Home



Overview

The information of biological sequences (nucleotides and amino acids) is stored in various file formats for easy access and analysis. Some of these files are in human-readable (text) format and others are in machine-readable (binary) format.


Fasta files

Fasta file is a text file which consists of a single and multiple sequences. Though it is not mandatory, fasta files generally have an extension of .fa, .fas, .fsa, .fna or .fasta. Each sequence has a one-line header, starting with the “>”, followed by the nucleotide (or amino acid) sequence. This sequence can be in a single line or span across multiple lines.

logo

Fastq files

This section is also described in the F2 module
As the technologies evolved to sequence millions of “short reads”, storing the information in multiple files became difficult to manage and also consumed more disk space. To address these difficulties, a new file format, fastq (fast Q) was introduced in 2009. Now, fastq format is the de facto standard of high-throughput sequence file format for next generation sequencers.
Fastq is a text file format (human-readable). It has 4 lines for each sequence entry.

  • Header: starts with “@”
  • Sequence
  • Optional field: starts with “+”
  • Quality scores

As the sequence and quality correspond to each other, the length of the 2nd and 4th lines are always equal.

logo

  • 1st line is the sequence identifier which contains information about the sequencing process and is unique for each read
  • 2nd line is the sequence of bases read during sequencing process
  • 3rd line start with “+” sign and is the separator and sometimes can contain the same information as identifier minus the “@” symbol
  • 4th line contains the quality scores. The quality scores represent the probability of a base being read incorrectly by the sequencer. The higher the quality score the less is the probability of it being incorrect. The quality scores are represented by ASCII characters and can be used to infer the quality of bases. You can read more about the FastQ format here. The widely accepted threshold for quality score/value is 20, below which the base is considered to be low quality and is usually excluded or removed from the sequence data before proceeding for downstream analysis. A quality score of 20 would mean the probability of incorrect base is 1 in 100.
  • Note: The FastQ files generated by the sequencers are usually zipped, due to its large size. It is unwise to unzip these files. Downstream bioinformatics analysis tools are almost always able to work with the zipped file. Depending on which sequence program you select, ‘single end’ or ‘paired-end’ will determine how many files you have. For Illumina reads, there will be a single ‘fastq.gz’ file for the single end sequencing and two files for the paired-end sequencing, denoting the read1 (_R1.fastq.gz) and the read2 (_R2.fastq.gz).
    Most often, paired-end data is stored in two files and they have “R1” and “R2” in their file names. The order of the reads in paired-end files correspond to their pairing order, i.e. entry 1 in R1 file is sequenced from the same template as entry 1 in R2 file, and so on and so forth. Therefore, the total number of sequences should always be equal in R1 and R2 files. If for any reason, any entry is removed from R1, its corresponding entry from R2 should also be removed.
    Sometimes paired-end data is saved in interleaved fastq format, storing forward and reverse reads sequentially in a single file.

    Phred score

    A quality score (PHRED scale) for each base pair. It indicates how confident we can be that the base was sequenced and identified correctly. Q = -10log­10(p)
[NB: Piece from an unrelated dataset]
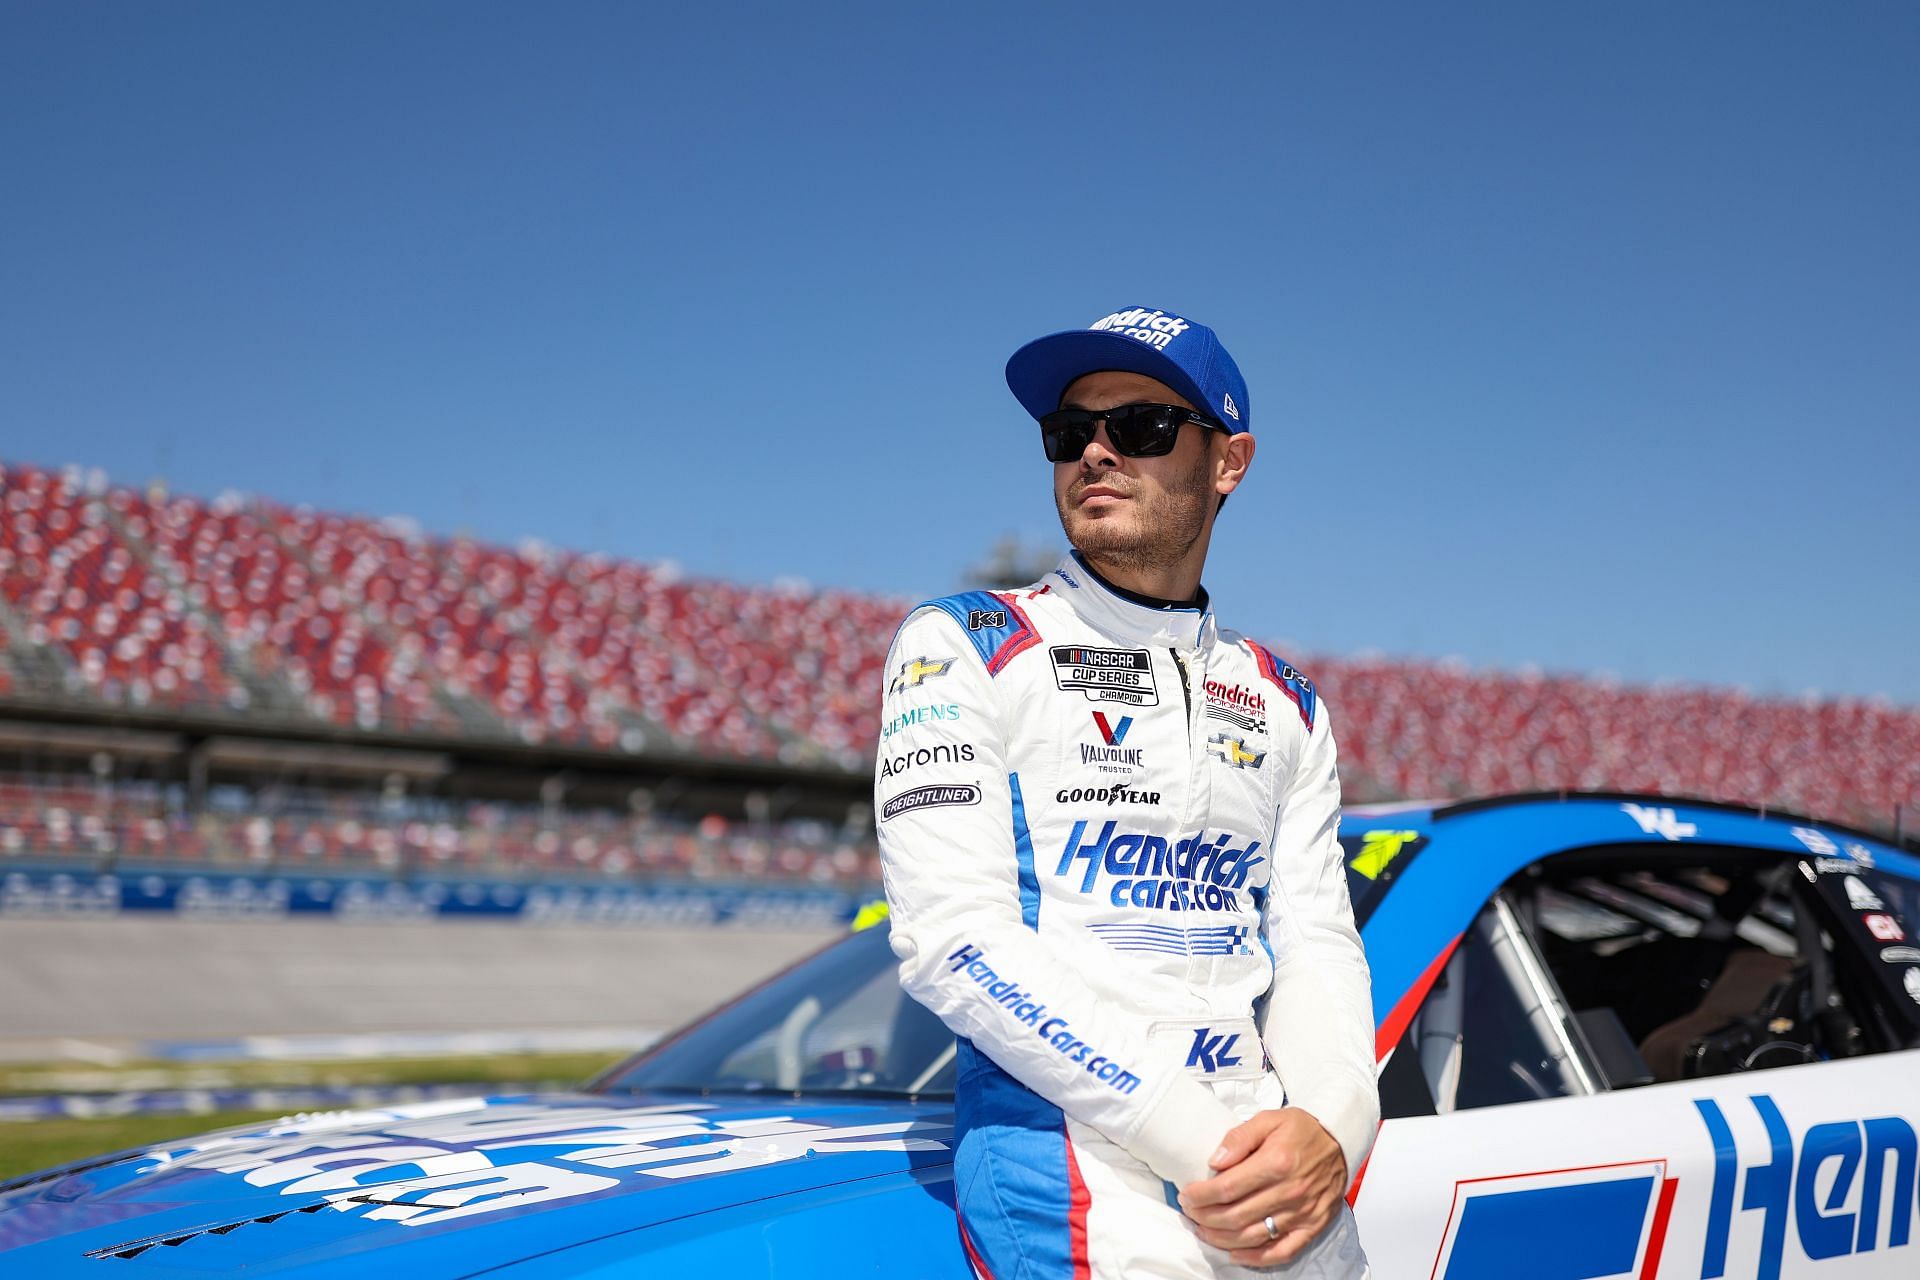 Kyle Larson looks on during qualifying for the NASCAR Cup Series GEICO 500 at Talladega Superspeedway
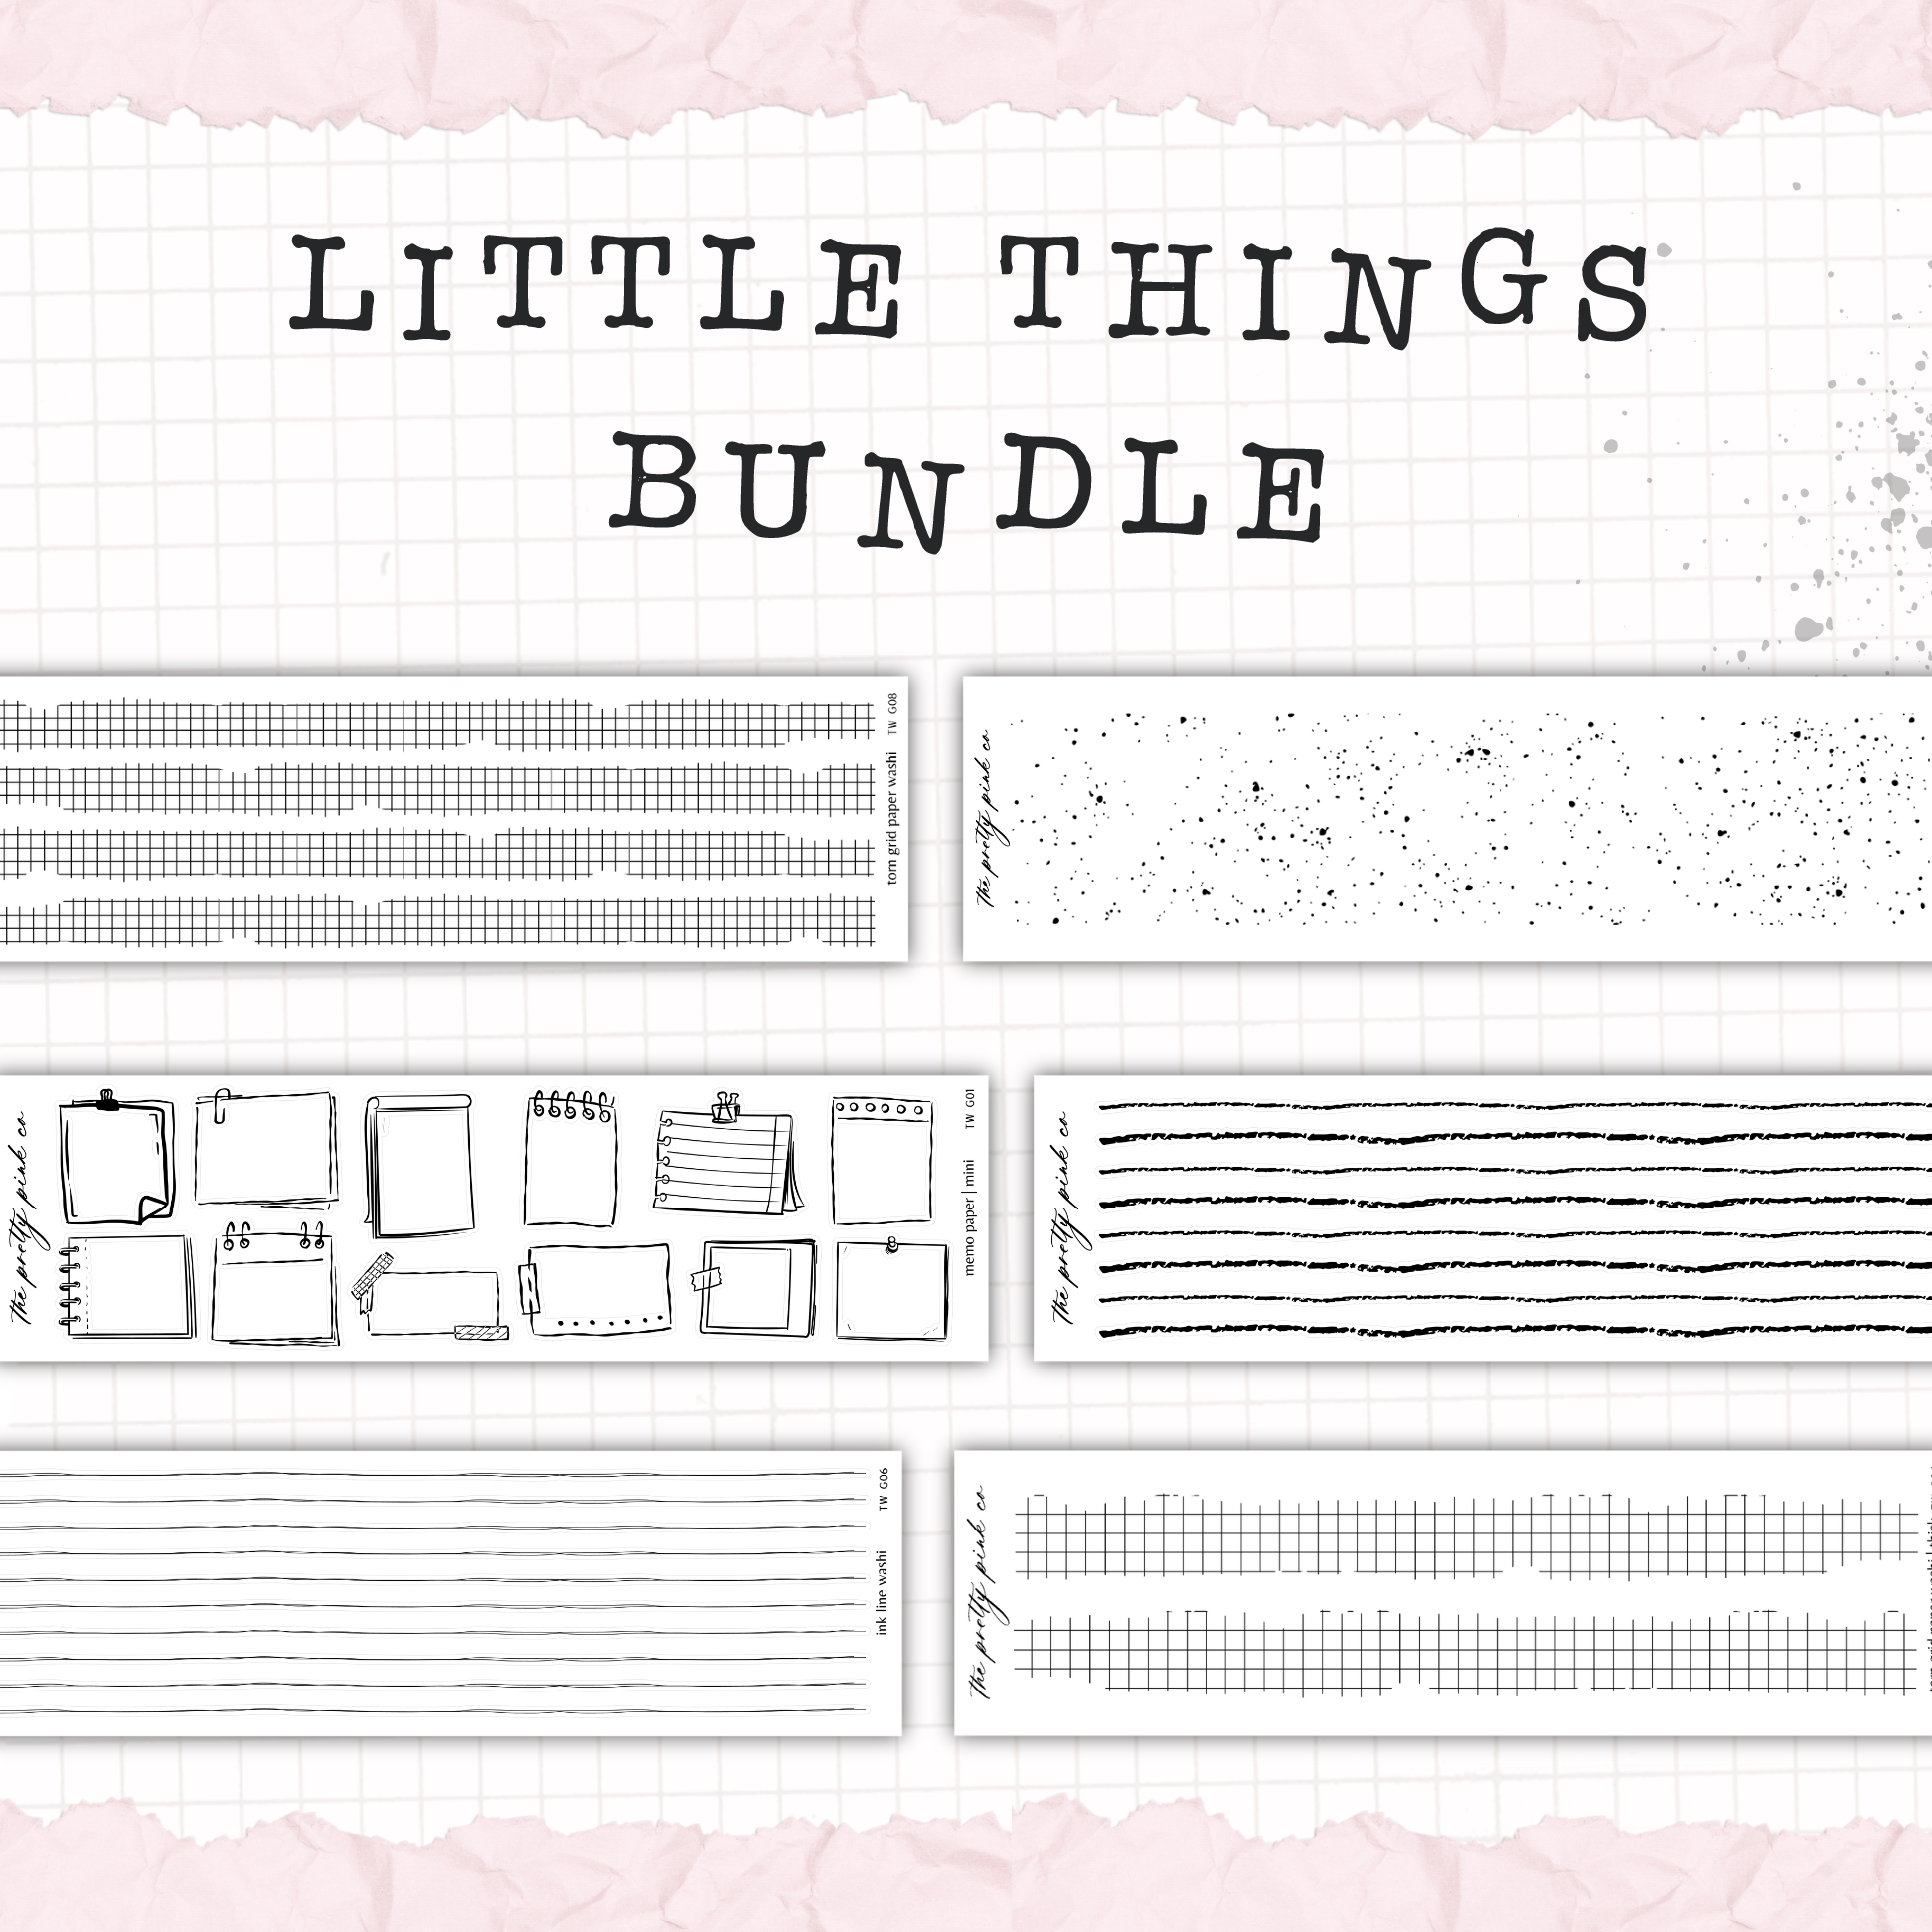 the little things bundle is shown in black and white

    where p is the probability that the corresponding base call is incorrect.

    Higher Q scores indicate a smaller probability of error.

    Lower Q scores can result in a significant portion of the reads being unusable. They may also lead to increased false-positive variant calls, resulting in inaccurate conclusions.

    A quality score of 20 (Q20) represents an error rate of 1 in 100 (meaning every 100 bp sequencing read may contain an error), with a corresponding call accuracy of 99%. When sequencing quality reaches Q30, virtually all of the reads will be perfect, with no errors or ambiguities. This is why Q30 is considered a benchmark for quality in next-generation sequencing (NGS).

    Fastq-sanger holds PHRED scores from 0-93 whereas fastq-Illumina provides PHRED scores from 0-62. Rather than giving numeric values of PHRED score they are provided in ASCII character codes from 33 to 126. Why 33 to 126? Because 33 to 126 codes for single characters, so the score can be represented by a single character. Refer to the table below.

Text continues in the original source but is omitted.